A significant advantage of the proposed method over the feature point detection approach is its robustness to external regions, such as body parts below the neck, clothing, and other non-facial areas. Traditional methods often require manual or automated exclusion of these external regions or an expanded training dataset to accommodate these conditions in deep learning models. By contrast, the proposed method uses the automatic alignment of the input data based on face mesh detection, effectively mitigating the influence of these external regions. This approach ensures that registration performance remains unaffected by non-relevant areas, leading to more accurate and reliable outcomes.
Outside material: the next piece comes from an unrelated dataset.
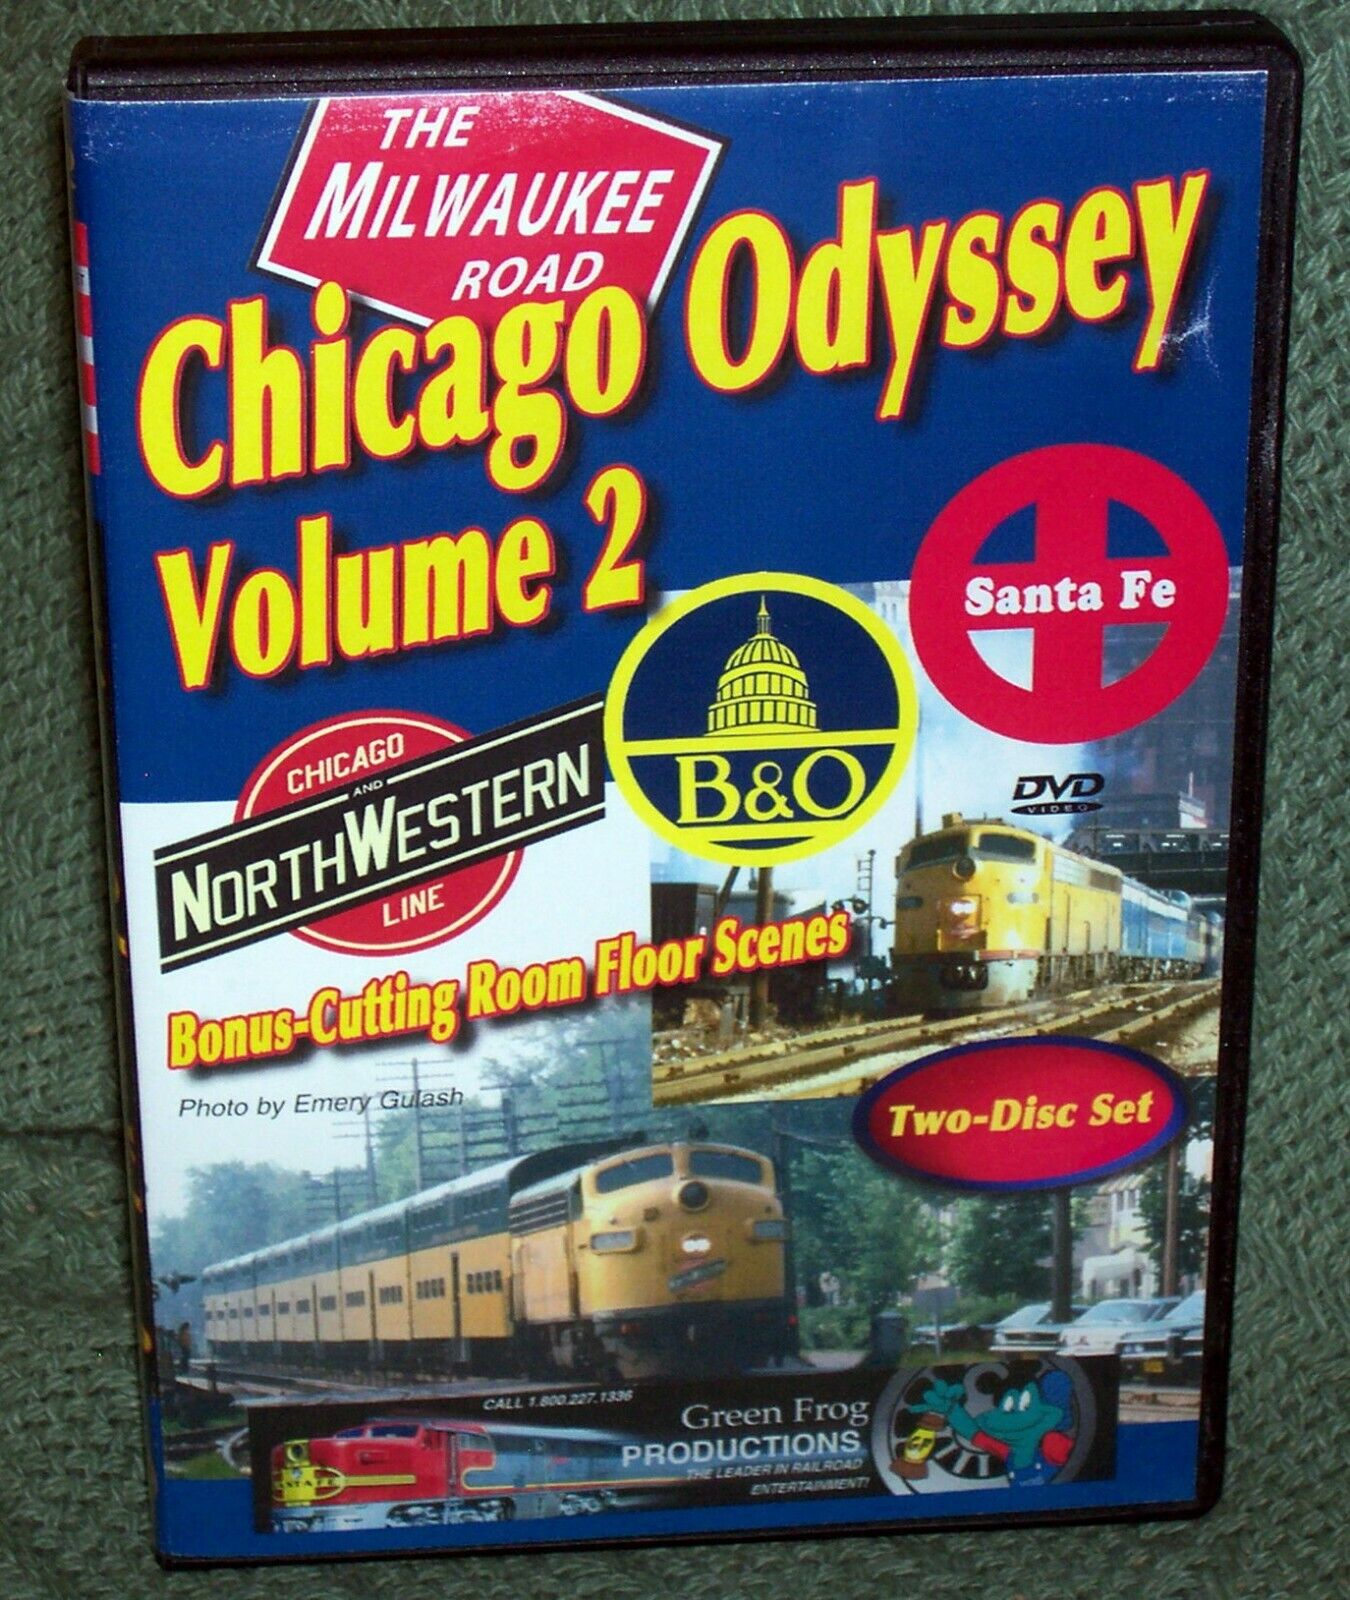 20013 DVD CHICAGO ODYSSEY VOL. 2 VINTAGE 60'S 70'S CNW B&O CB&Q SOO LINE GM&O

In other research approaches, full-head data from both CBCT and face scans, encompassing both the face and back of the head, were required to extract features. However, this extensive data requirement is unnecessary for the proposed method. Our approach separately aligns the CBCT and face scan data based on the extracted face mesh. 3D data alignment is achieved gradually with continuous updates to the face mesh results and adjustments using a P-controller until convergence is reached. This method simplifies the process and enhances alignment accuracy without the need for full-head data.
However, this method presents two notable limitations. First, at the initial stage, the face mesh detection model must accurately recognize the patient’s face to initiate the alignment process. This necessitates an appropriate setup of the relative positioning between the 3D data and the virtual camera within the 3D environment to ensure reliable alignment. Second, the total alignment runtime is around 10 s, which is still suboptimal and warrants further reduction in future work. All experiments were performed on a workstation with an Intel
® Core™ i9-13900H CPU, 32 GB RAM, and an NVIDIA RTX 4070 Laptop GPU. The median runtime per case was 10.2 s, comprising approximately 2.5 s for pose initialization and 7.7 s for ICP refinement. A detailed breakdown of runtimes for each patient is provided in
Supplementary Table S3.
In addition to methodological limitations, ethical and governance considerations are central to deploying automated CBCT–face fusion in clinical workflows. As emphasized by Kováč et al. [
12], facial analysis systems must be designed with privacy-by-design principles and explicit consent management to mitigate risks of misuse or unauthorized re-identification. Our pipeline, though technically promising, must therefore be accompanied by institutional safeguards, audit trails, and transparent data governance protocols before integration into clinical decision-making.